While bitcoin has been at the forefront of the news cycle over the past year, a lack of understanding about how the cryptocurrency actually works and its extreme volatility has kept many traders from considering the industry to be investment-worthy. However, there could still be money to be made. But investors need to be willing to stomach a little risk and wait out the bumps. Here’s a look at the pros and cons of bitcoin.
Pro: Growth Potential
Perhaps the most appealing thing about bitcoin is that the technology is so new that the growth prospects look compelling. Bitcoins offer a new way for people to exchange funds instantly without going through a third party intermediary.
Bitcoin functions on a technology called blockchain, which allows people to transfer assets for just a fraction of the time and money it would take to make the same transaction through traditional financial institutions. For that reason, many have pointed to blockchain as one of the most important technological advances of this decade. Blockchain is useful not just for cryptocurrency transfers, but as a ledger-like technology. And it is applicable to several other industries as well. Everything from the way stocks are traded to how contracts are negotiated could be changed via blockchain.

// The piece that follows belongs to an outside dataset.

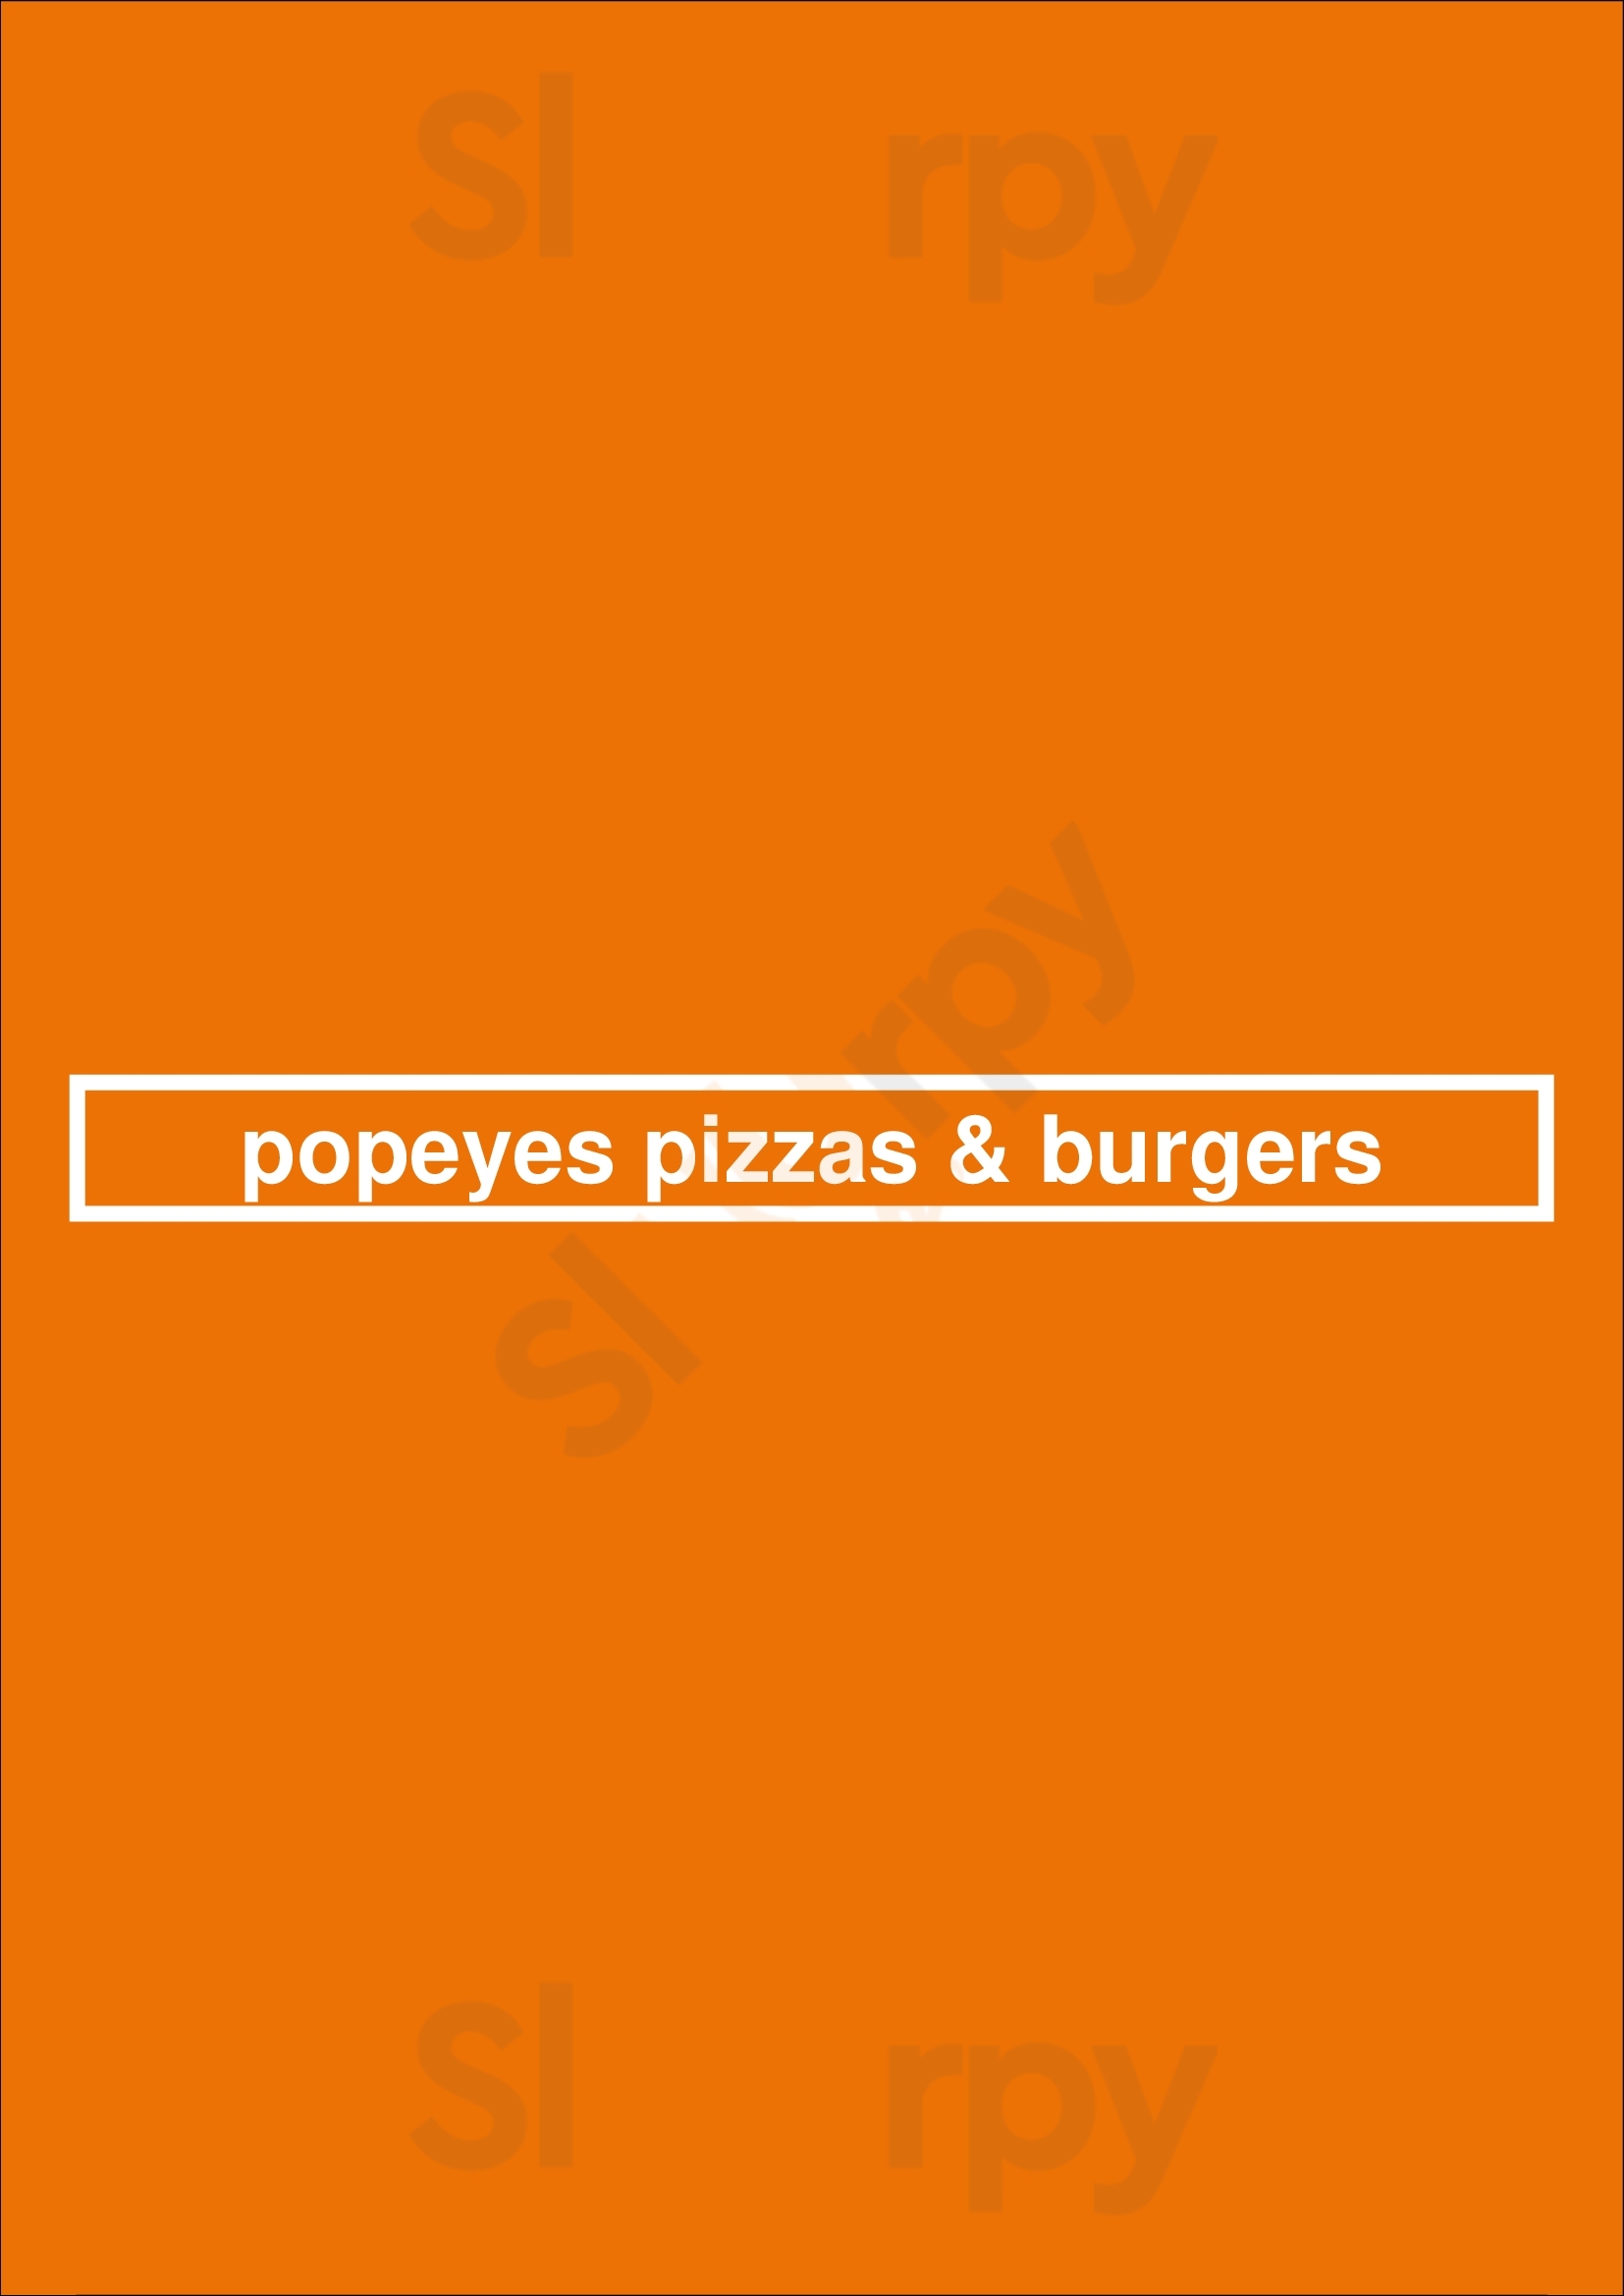 Popeyes Pizzas & Burgers Leicester Menu - 1

Bitcoin itself also has a large growth runway as people get more comfortable using it. We’ve already seen everything from Bitcoin ATMs to big-name retailers accepting the cryptocurrency as a valid payment. That’s good news for bitcoin investors. The coins will only become more valuable as the currency catches on and grows in popularity.
Perhaps the biggest con for Bitcoin is the general public’s lack of understanding surrounding the cryptocurrency. Several studies have shown that people — including bitcoin users — don’t really understand how the cryptocurrency works and whether or not it’s secure.

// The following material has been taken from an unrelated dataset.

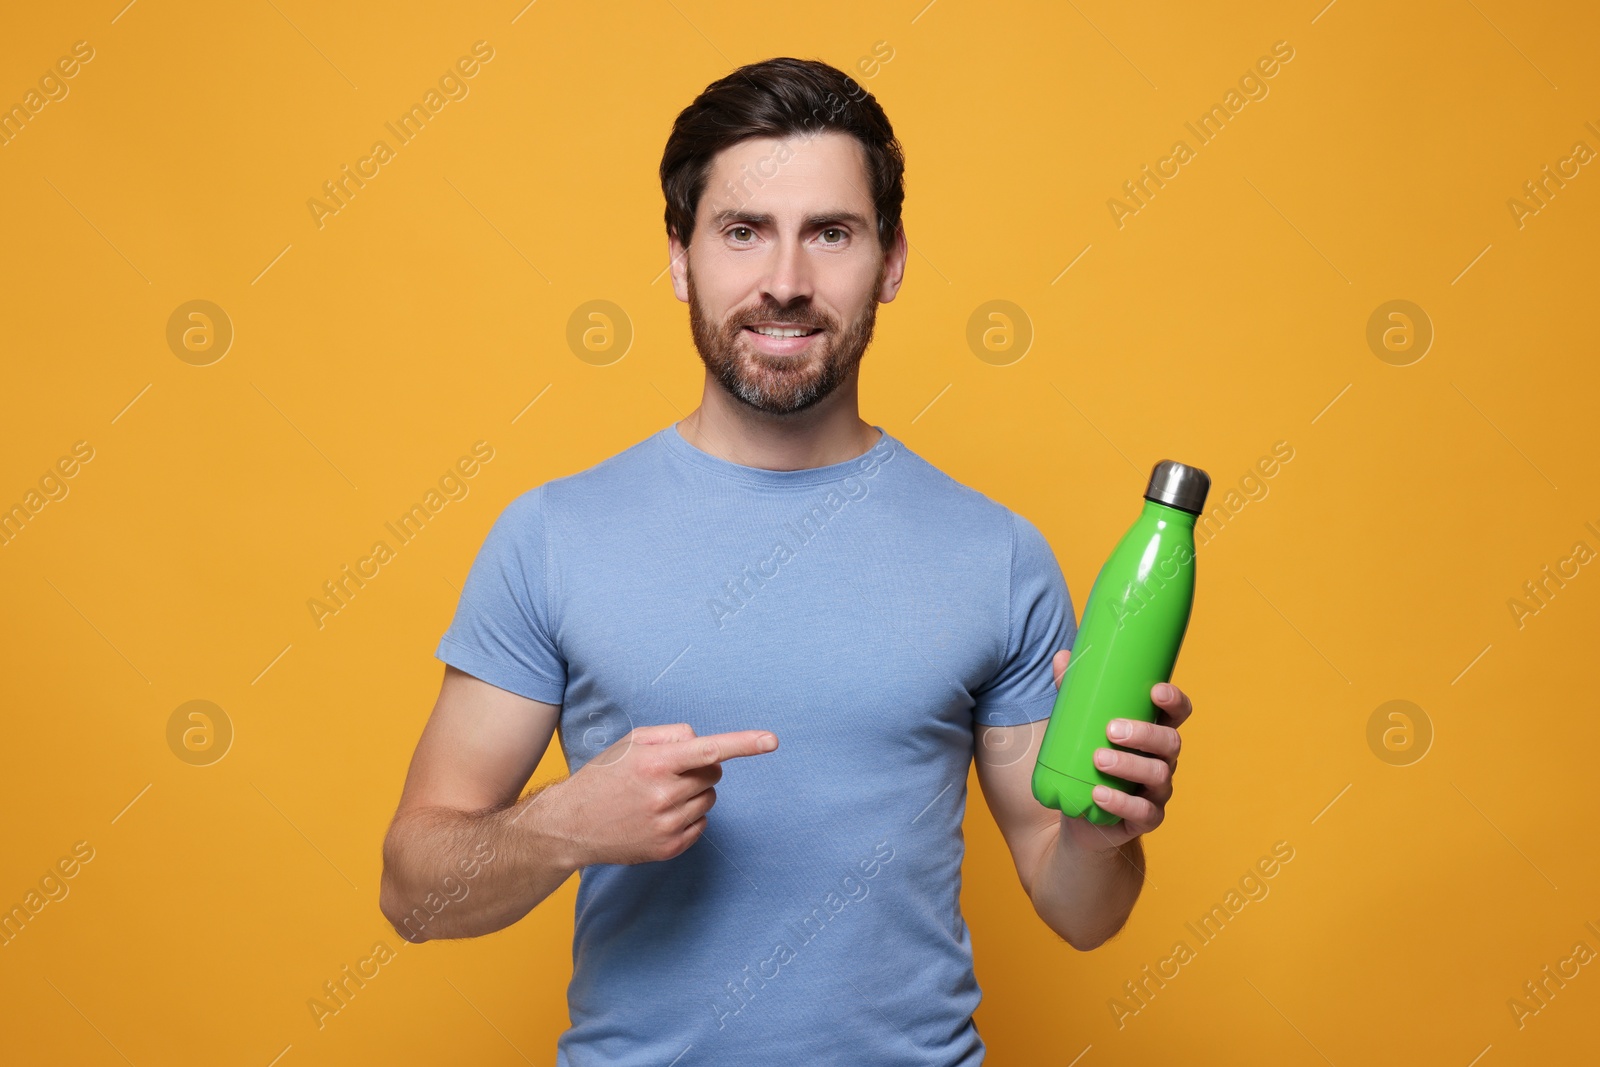 Photo of Man pointing at green thermo bottle on orange background

That’s a problem. In order for more people to adopt and become comfortable with bitcoin, they will almost certainly need to understand it. Additionally, the digital currency already has a poor reputation regarding safety, so understanding how to protect and use bitcoins wisely is paramount to it’s expansion.
Another big reason Bitcoin is considered transformative is that the blockchain protects against things like identity theft and payment fraud more thoroughly than a credit-card transaction ever could. As the coins are digital, they can’t be counterfeited. This takes a way some of the risk that traditional transactions carry.
Not only that, but payments via bitcoin are more secure for buyers than credit card charges. Paying via bitcoin allows a buyer to send exactly the amount required — giving the merchant no access to the rest of their funds.
Credit card payments give merchants access to an entire line of credit for any amount. This leaves the door open for hackers and dishonest merchants to pull as much as they want from a buyer’s account.
When discussing the pros and cons of bitcoin, safety falls in both categories.
Bitcoin transactions require just the buyer’s coin wallet ID — rather than their name and contact details. Thus, they offer a degree of anonymity that traditional transactions don’t. While some tout this as a pro for bitcoin, it’s also why some investors view cryptocurrencies negatively.
Many worry that cryptocurrencies are becoming a sort of ‘underworld’ where seedy dealings can take place because this anonymity. That has contributed to consumers’ hesitation to adopt the currency. And it’s given regulators reason to warn against getting involved in bitcoin without fully understanding it.
Investing In Light of the Pros and Cons of Bitcoin
In theory, bitcoin looks like a great opportunity to jump on a new technology before it gains momentum — but in practice things are much murkier. Bitcoin prices have proven to be extremely volatile. And as they don’t offer any of the kind of valuation metrics that stocks do, it’s difficult to estimate where prices are going. Analysts are all over the shop with bitcoin 2018 predictions, making it difficult to gauge where the cryptocurrency is heading.
There are plenty of other ways to add cryptocurrencies to your portfolio without owning them outright though. The closest you can get without buying them would be through an investment like the Bitcoin Investment Trust (OTCMKTS:GBTC). The trust behaves similarly to an ETF by buying and holding on to bitcoins. That means investors who buy shares will benefit should bitcoin prices rise. Investors can also purchase futures contracts to bet on bitcoin prices.
However, perhaps the safest way to add bitcoin to your investment strategy is to choose a publicly traded company that has been making bets in the cryptocurrency space.
Overstock.com Inc (NASDAQ:OSTK) is the most notable example, the company has been shedding its traditional e-commerce business to become completely reliant on the cryptocurrency industry. If you’re looking for something even safer, consider a company like IBM (NYSE:IBM) which has been working to develop new uses for blockchain or NVIDIA Corporation (NASDAQ:NVDA) which makes chips used by bitcoin miners.
As of this writing Laura Hoy did not hold a position in any of the aforementioned securities.